Debug Run Failures

Objective

Diagnose and resolve the most common failure modes encountered when running DSAMbayes via the YAML/CLI runner.

Prerequisites

  • A failed runner execution (non-zero exit code or missing artefacts).
  • Access to the terminal output or log from the failed run.
  • Familiarity with CLI Usage and Config Schema.

Triage by failure stage

Stage 0: Config resolution failures

Symptoms: runner exits immediately after validate or at the start of run; no run directory created or only 00_run_metadata/ is present.

Error pattern Cause Fix
data_path not found Data file path is wrong or missing Check data.path in YAML; use absolute path or path relative to config file
Unknown YAML key Typo or unsupported config key Compare against Config Schema; fix spelling
Formula parse error Invalid R formula syntax Check model.formula for unmatched parentheses, missing ~, or invalid operators
holidays.calendar_path not found Holiday calendar file missing Check time_components.holidays.calendar_path; ensure file exists

Quick check:

Rscript scripts/dsambayes.R validate --config config/my_config.yaml

If validate passes, the config is structurally valid.

Stage 1: Stan compilation failures

Symptoms: runner reports compilation errors after “Compiling model”; may reference C++ or Stan syntax errors.

Error pattern Cause Fix
Stan syntax error in generated template Template rendering issue Clear the Stan cache (rm -rf .cache/dsambayes/) and retry
C++ compiler not found Toolchain not installed Install a C++ toolchain (see Install and Setup)
Permission denied on cache directory Cache path not writable Set XDG_CACHE_HOME to a writable directory

Quick check:

mkdir -p .cache
export XDG_CACHE_HOME="$PWD/.cache"

Stage 2: Data preparation failures

Symptoms: runner fails after compilation but before sampling; error messages reference prep_data_for_fit, model.frame, or scaling.

Error pattern Cause Fix
“Cannot scale model data with zero variance” A column in the model frame is constant Remove constant terms from formula, or set model.scale: false
“Constant CRE mean terms” CRE variable has identical group means Use model.type: re (without CRE) or add variation
“non-finite values” in model frame NA or Inf values in data Clean data before running; remove rows with missing values
“Offset vector length does not match” NA handling created length mismatch Ensure offset column has no NA values, or report as a bug

Stage 3: Sampling failures

Symptoms: runner fails during rstan::sampling() or rstan::optimizing(); may report Stan runtime errors.

Error pattern Cause Fix
“Exception: validate transformed params” Parameter hits boundary during sampling Widen boundaries; check for overly tight constraints
“Initialization failed” Poor initial values Increase fit.mcmc.init range or simplify model
Timeout or very slow sampling Model too complex for data size Reduce iterations for initial testing; simplify formula
All chains fail Severe model misspecification Review formula, priors, and data for fundamental issues

Stage 4: Post-fit artefact failures

Symptoms: runner completes sampling but some artefact folders are empty or missing files.

Error pattern Cause Fix
Missing 30_post_run/ files Decomposition failed Check formula compatibility with model.matrix(); hierarchical formulas with `
Missing 40_diagnostics/ files Diagnostics writer error Check for upstream issues in model object; review tryCatch messages in log
Missing 50_model_selection/ files LOO computation failed Ensure MCMC fit (not MAP); check for valid posterior
Missing 60_optimisation/ files Allocation not enabled or failed Check allocation.enabled: true in config; review scenario specification

Quick check:

find results/<run_dir> -type f | sort

Compare against the expected artefact list in Output Artefacts.
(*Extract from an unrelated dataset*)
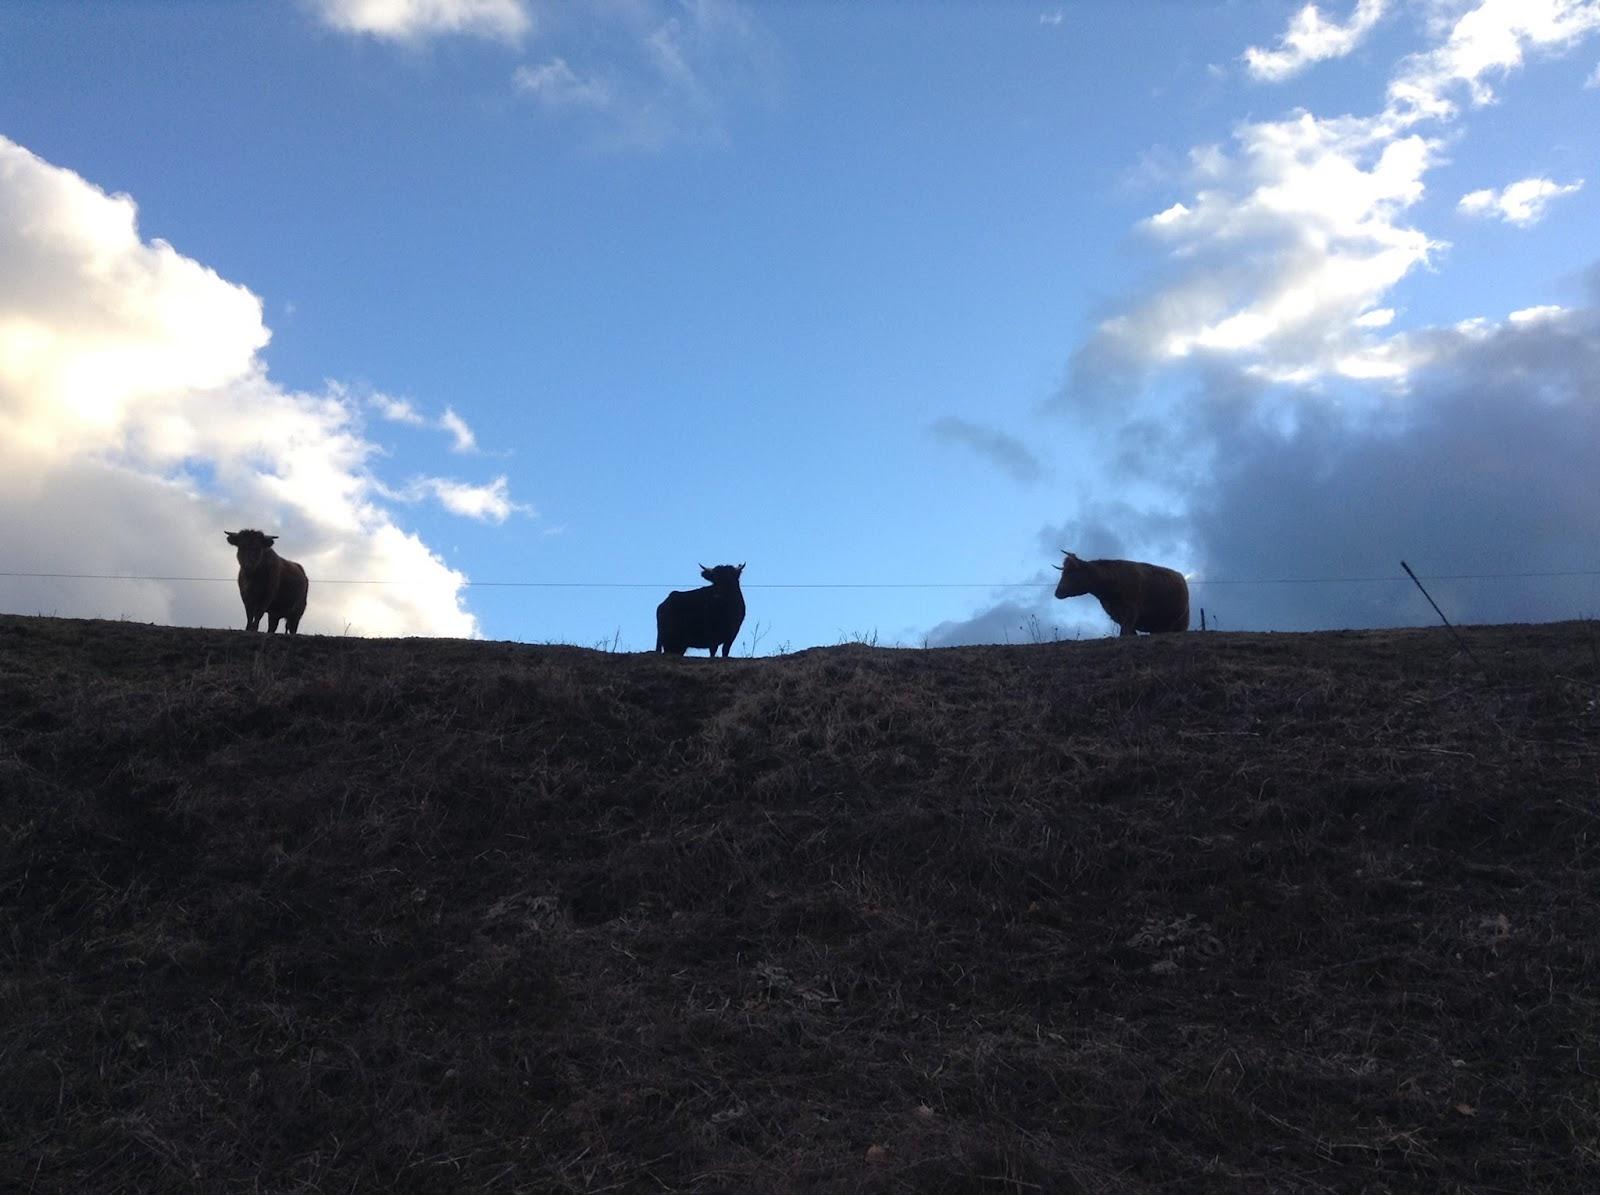 Farm Image 2

Stage 5: Plot generation failures

Symptoms: CSV artefacts are present but PNG plot files are missing.

Error pattern Cause Fix
“cannot open connection” for PNG Graphics device issue Check that grDevices is available; ensure sufficient disk space
Plot function error for hierarchical model Group-level coefficient draws are vectors, not scalars This was fixed in v1.2.0; ensure you are running the latest version

General debugging steps

  1. Read the full error message. DSAMbayes uses cli::cli_abort() with descriptive messages that identify the failing function and parameter.
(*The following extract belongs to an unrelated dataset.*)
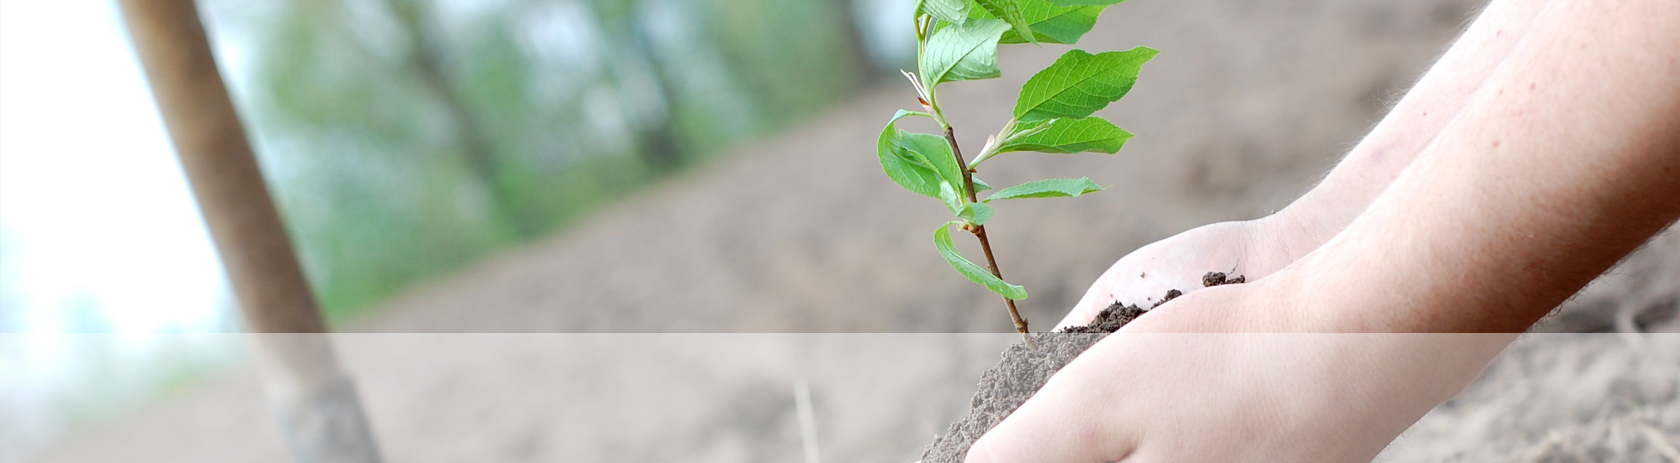 SLIDERS-HOME-plant a tree

  2. Check the resolved config. If a run directory was created, inspect 00_run_metadata/config.resolved.yaml to see what defaults were applied.

  3. Check session info. Inspect 00_run_metadata/session_info.txt for package version mismatches.

  4. Clear the Stan cache. Stale compiled models can cause unexpected failures:

    rm -rf .cache/dsambayes/
  5. Run validate before run. Always validate first to catch config errors before committing to a full MCMC run.

  6. Reduce iterations for debugging. Use a minimal config with fit.mcmc.iter: 200 and fit.mcmc.warmup: 100 to iterate quickly on formula and data issues.